It is now well accepted that the matter dealt with is not exclusively criminal in nature but is also a proper matter for probate courts. The concept that a wrongdoer may not profit by his or her own wrong is a civil concept, and the probate court is the proper forum to determine the effect of killing on succession to the decedent’s property covered by this section. There are numerous situations where the same conduct gives rise to both criminal and civil consequences. A killing may result in criminal prosecution for murder and civil litigation by the decedent’s family under wrongful death statutes. Another analogy exists in the tax field, where a taxpayer may be acquitted of tax fraud in a criminal prosecution but found to have committed the fraud in a civil proceeding.
The phrases “criminal accountability” and “criminally accountable” for the felonious and intentional killing of the decedent not only include criminal accountability as an actor or direct perpetrator, but also as an accomplice or co-conspirator.
Unlike the pre-1990 version, the revised version contains a subsection protecting payors who pay before receiving written notice of a claimed forfeiture or revocation under this section, and imposing personal liability on the recipient or killer.

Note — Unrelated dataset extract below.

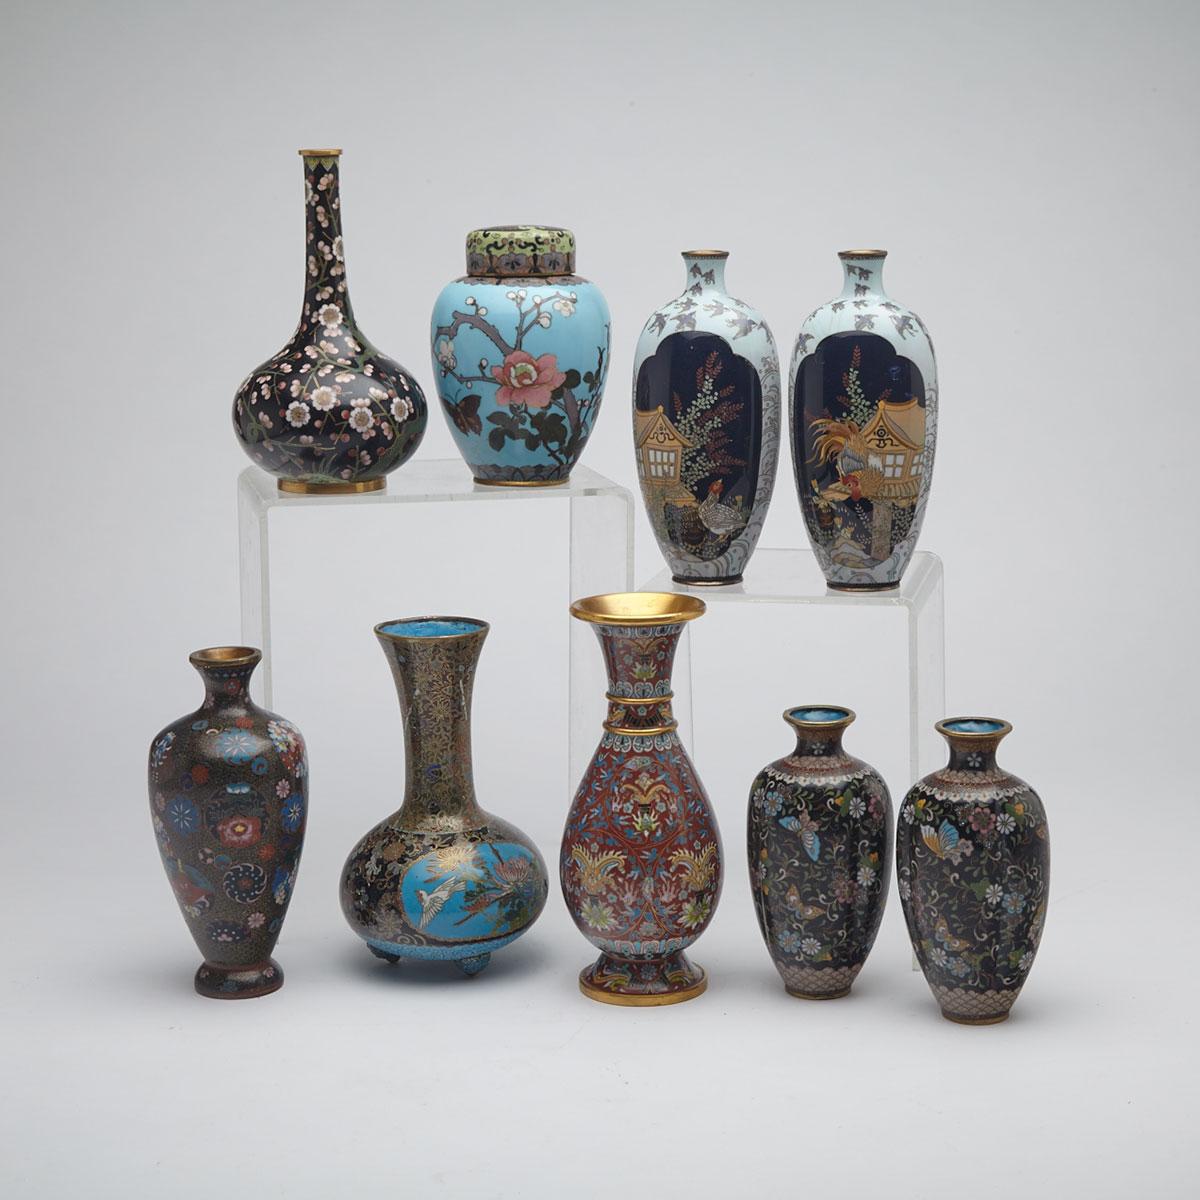 Group of Nine Cloisonné Enamel Vessels, China and Japan, First-Half 20th Century
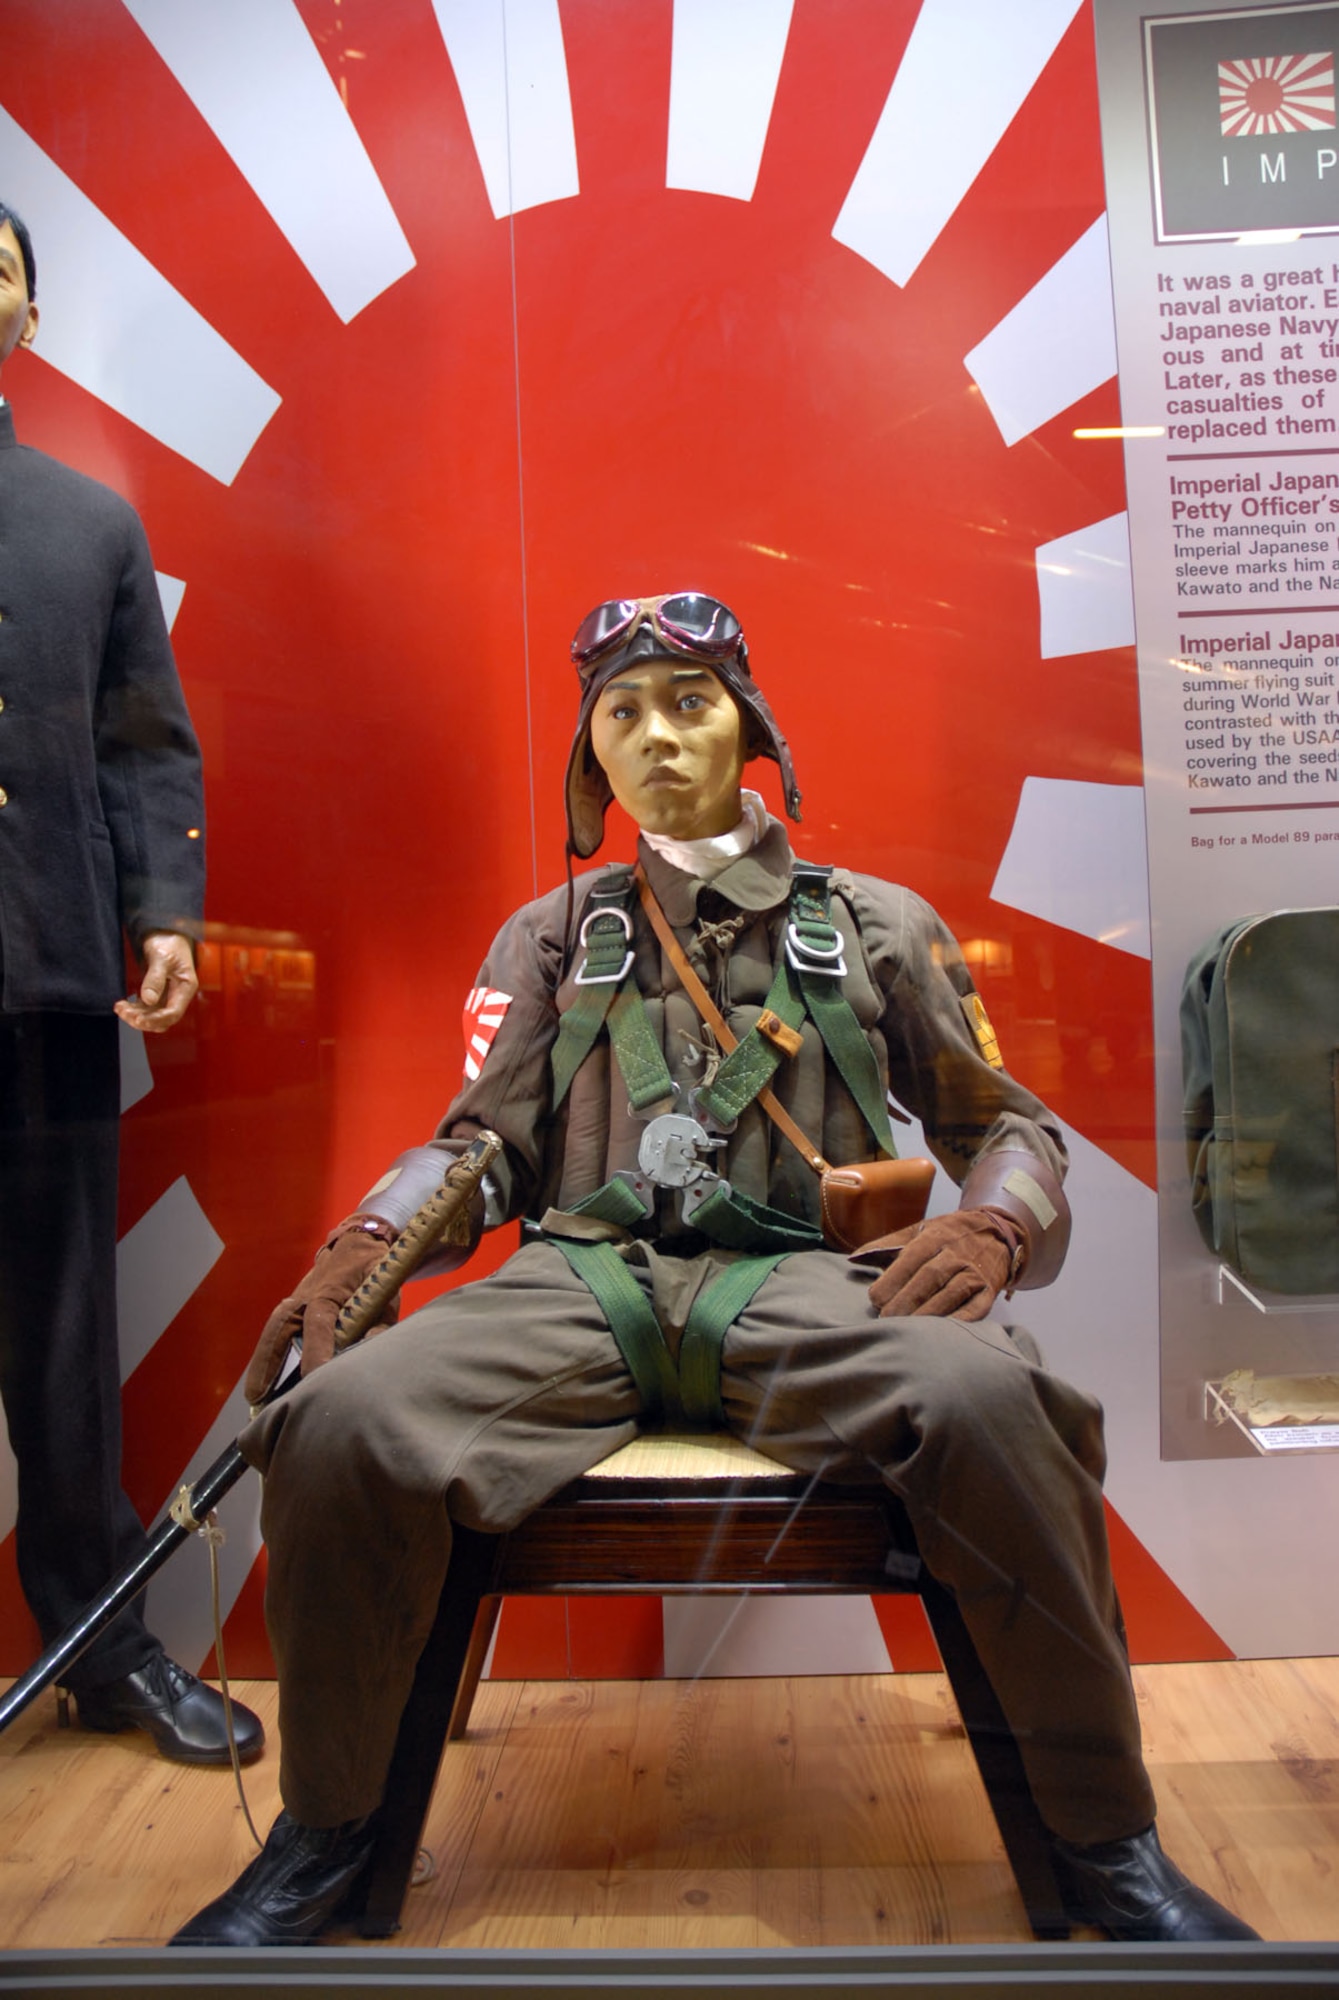 DAYTON, Ohio - The Japanese Imperial Navy Pilots portion of the WWII: Airmen in a World at War exhibit in the World War II Gallery at the National Museum of the U.S. Air Force. (U.S. Air Force photo)

The pre-1990 version’s provision on the severance of joint tenancies and tenancies by the entirety also extended to “joint and multiple party accounts in banks, savings and loan associations, credit unions and other institutions, and any other form of co-ownership with survivorship incidents.” Under subsection (c)(2) of the revised version, the severance applies only to “property held by [the decedent and killer] as joint tenants with the right of survivorship [or as community property with the right of survivorship].” The terms “joint tenants with the right of survivorship” and “community property with the right of survivorship” are defined in Section 1-201. That definition includes tenancies by the entirety, but excludes “forms of co- ownership registration in which the underlying ownership of each party is in proportion to that party’s contribution.” Under subsection (c)(1), any portion of the decedent’s contribution to the co-ownership registration running in favor of the killer would be treated as a revocable and revoked disposition.
Subsection (e) was amended in 1993 to make it clear that the antilapse statute applies in appropriate cases in which the killer is treated as having disclaimed.
ERISA Preemption of State Law. The Employee Retirement Income Security Act of 1974 (ERISA) federalizes pension and employee benefit law. Section 514(a) of ERISA, 29 U.S.C. § 1144(a), provides that the provisions of Titles I and IV of ERISA “shall supersede any and all State laws insofar as they may now or hereafter relate to any employee benefit plan” governed by ERISA. See the Comment to Section 2-804 for a discussion of the ERISA preemption question.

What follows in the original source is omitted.